- Cover to Sleepless: Book 1 Art by Leila del Duca

Publication information
- Publisher: Image Comics
- Schedule: Monthly
- Format: Limited series
- Genre: Fantasy
- Publication date: December 2017 – January 2019
- No. of issues: 11

Creative team
- Written by: Sarah Vaughn
- Penciller: Leila del Duca
- Letterer: Deron Bennett
- Colorist: Alissa Sallah
- Editor: Alissa Sallah

Collected editions
- Book 1: ISBN 978-1534306844
- Book 2: ISBN 978-1534310582

= Sleepless (comics) =

Comic book by Sarah Vaughn and Leila del Duca

Sleepless is an American comic book created by writer Sarah Vaughn and artist Leila del Duca. It was initially serialized in eleven issues published by Image Comics between December 2017 and January 2019, then reprinted in two paperback collections. The creators worked with colorist and editor Alissa Sallah and letterer Deron Bennett.

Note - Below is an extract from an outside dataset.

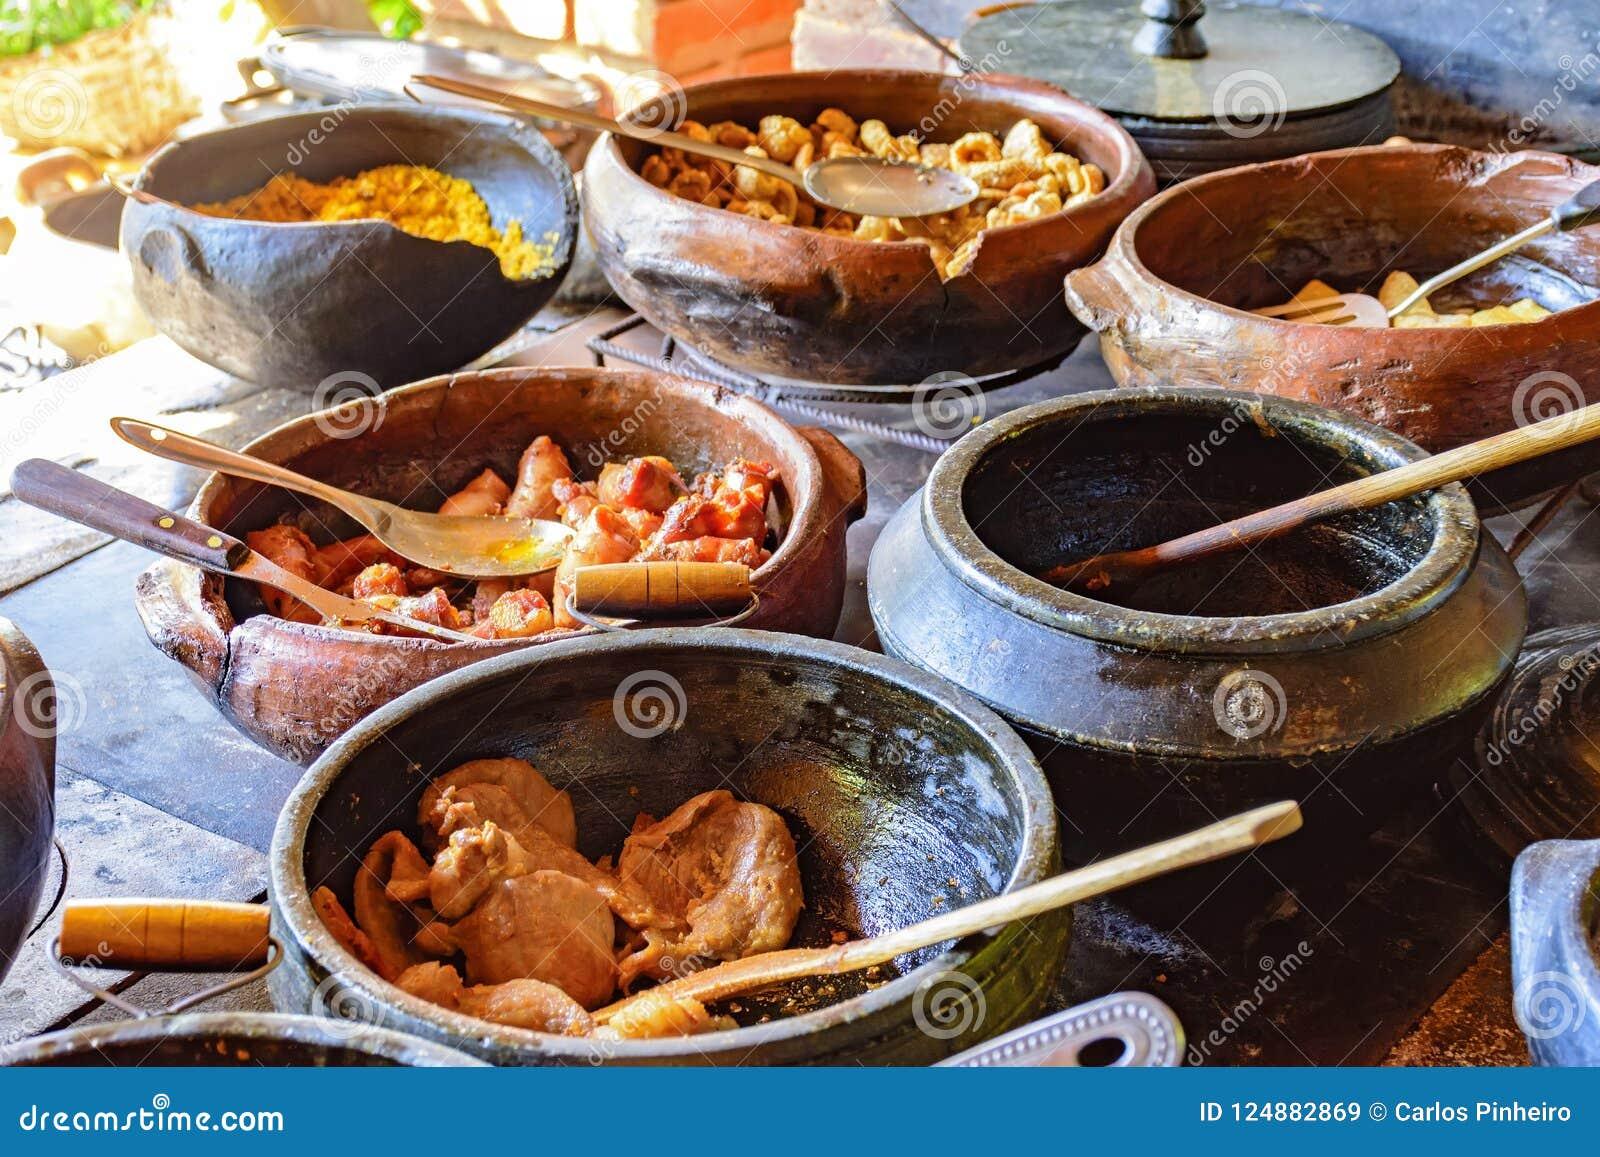 Alimento brasileiro tradicional que está sendo preparado em uns potenciômetros de argila

Set in a medieval kingdom, the fantasy story is about Lady "Poppy" Pyppenia, the illegitimate daughter of the recently deceased king. Poppy and Cyrenic, her personal protector who does not need sleep because of a magic spell, are unsure if they have a place in the royal court when Poppy's uncle becomes the new king. When assassins target Poppy, she believes they were sent by the new king's daughter and nephew out of fear she will try to usurp the throne.

==Publication history==
===Development===
Prior to working on Sleepless, writer Sarah Vaughn had previously created the webcomic Sparkshooter and co-wrote the fifteen-issue Image comic series Alex + Ada with Jonathan Luna from 2013 to 2015. The initial concept for Sleepless came to her when she had trouble falling asleep, and she developed it over the course of a few years. Vaughn was approached by artist Leila del Duca, who was working on the Image comic series Shutter, about collaborating on a romance comic at the 2015 New York Comic Con. Vaughn sent del Duca a short list of story pitches, and she selected the one that became Sleepless. When del Duca's saw her work schedule would open up in early 2017, the two submitted the idea to Image. The publisher liked it and the series was officially announced on March 2 at the Image Expo segment of the 2017 Emerald City Comic Con.

===Production===
When Vaughn and del Duca began working on the project, they recruited Alissa Sallah, an intern at del Duca's art studio, to be their colorist and editor. A piece written by Sallah had been published in the Image comic book Bitch Planet: Triple Feature, but Sleepless was her first big art job in the comics industry. Both del Duca and Sallah were involved with any changes to the plot.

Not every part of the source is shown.